Question 1121327: Find the value(s) of the constant k such that the system of linear equations:
9x + ky = 3,
kx + y = 1
has
(i) No solution.
(ii) An infinite number of solutions.
(iii) Exactly one solution.
Found 2 solutions by htmentor, ikleyn:
Answer by htmentor(1343)   (Show Source):
You can put this solution on YOUR website! (i) No solution.
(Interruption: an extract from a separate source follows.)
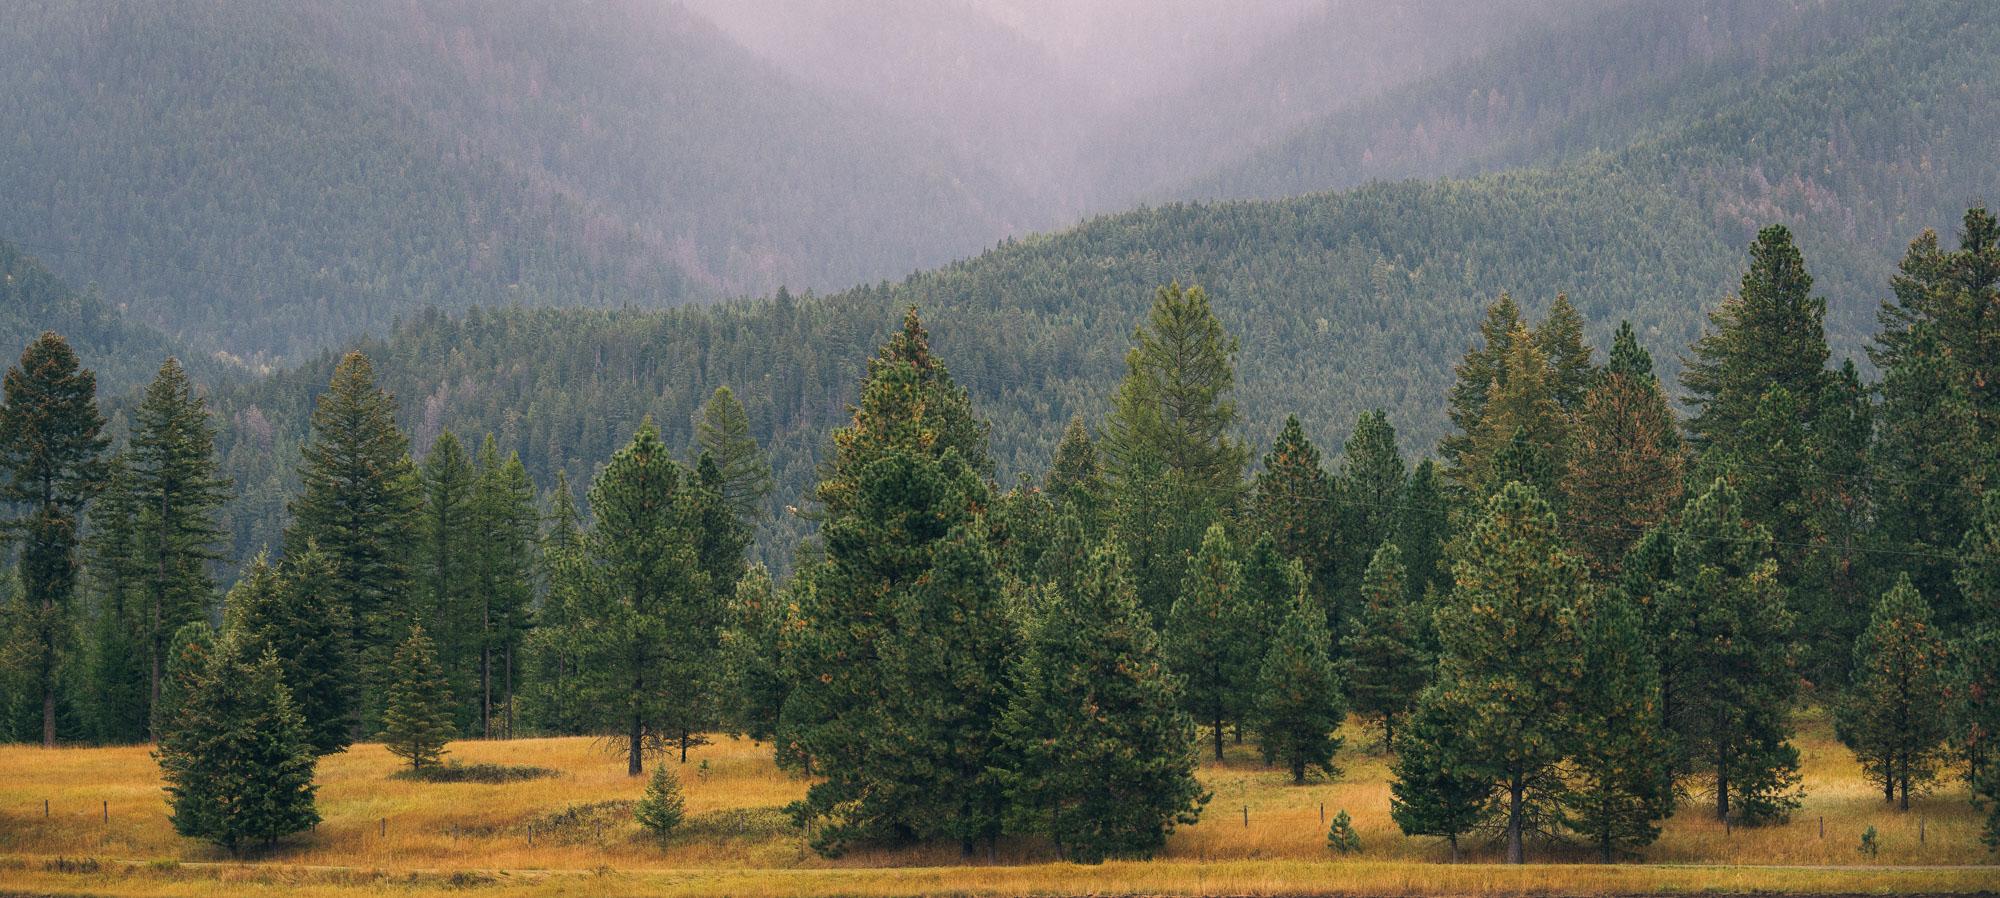 Great Divide Montana: Eureka – Helena

Parallel lines have the same slope, but not the same y-intercept
Express the equations in standard form:
y = (-9/k)x + 3/k
y = -kx + 1
m1 = -9/k, m2 = -k
m1 = m2 -> -9/k = -k -> k^2 = 9
This gives k = 3, k = -3
k = -3 will result in a different y-intercept
The two equations are
y = 3x - 3
y = 3x + 1
(ii) Using the results from (i), when k = 3, the two equations are the same:
y = -3x + 1
y = -3x + 1
(iii) Any value other than k = 3, k = -3, will result in one intersection point, or one solution
For example, if k = 1 we have
y = -9x + 3
y = -x + 1
Answer by ikleyn(52784)  (Show Source):
You can put this solution on YOUR website! .
If you know what a determinant of a matrix is (if you just learned it), then you can calculate the determinant of the coefficient matrix
det  = 9*1 - k*k = 9 - k^2.
The system has no solutions or infinitely many solutions if and only if the determinant is equal to zero
9 - k^2 = 0 ====> k^2 = 9 ====> k = +/- 3.
For all other values of "k", different from 3 or -3, the system has a unique solution.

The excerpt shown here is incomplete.